使用MapReduce和HDFS进行数据本地化非常重要(Spark,HBase也是如此)。在集群中将AWS部署到他们的云中时,我一直在研究它们:

Data locality with MapReduce and HDFS is very important (same thing goes for Spark, HBase). I've been researching about AWS and the two options when deploying the cluster in their cloud:


  • EC2

  • EMR + S3

由于不同的原因,第二个选项似乎更具吸引力,其中最有趣的是扩展存储容量和分别进行处理,并在不需要时关闭处理(更正确的做法是,仅在需要时将其打开)。 是说明使用S3的优点的示例。
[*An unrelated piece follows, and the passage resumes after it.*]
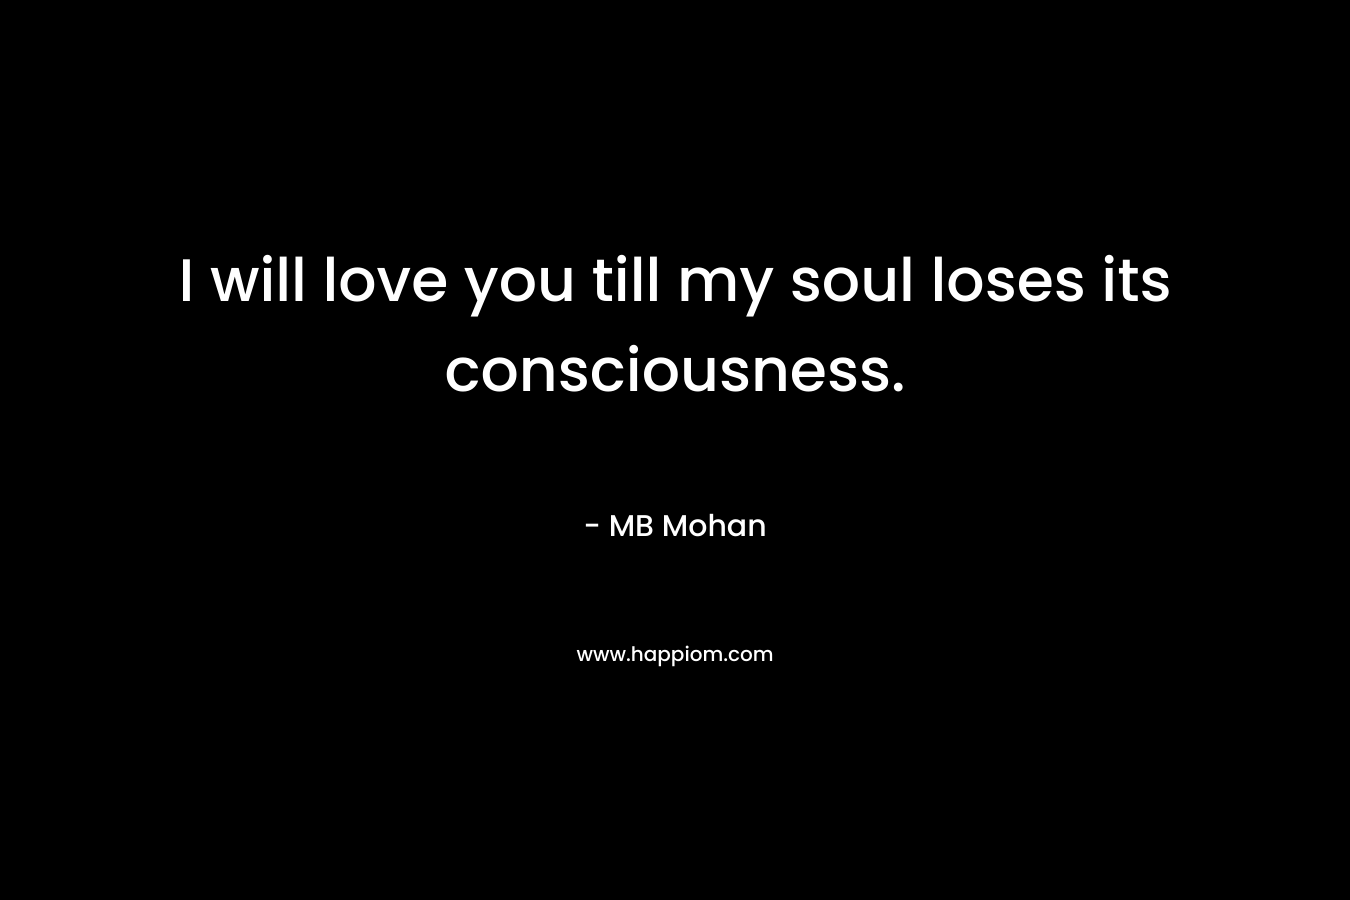 I will love you till my soul loses its consciousness.

The second option seems more appealing for different reasons, where the most interesting is the ability to scale storage and processing separately and to shutdown processing when you don't need it (more correct, to turn it on only when needed). This is an example explaining the advantages of using S3.

困扰我的是问题数据局部性。如果数据存储在S3中,则每次运行作业时都需要将其拉至HDFS。我的问题是-这个问题的规模有多大,仍然值得吗?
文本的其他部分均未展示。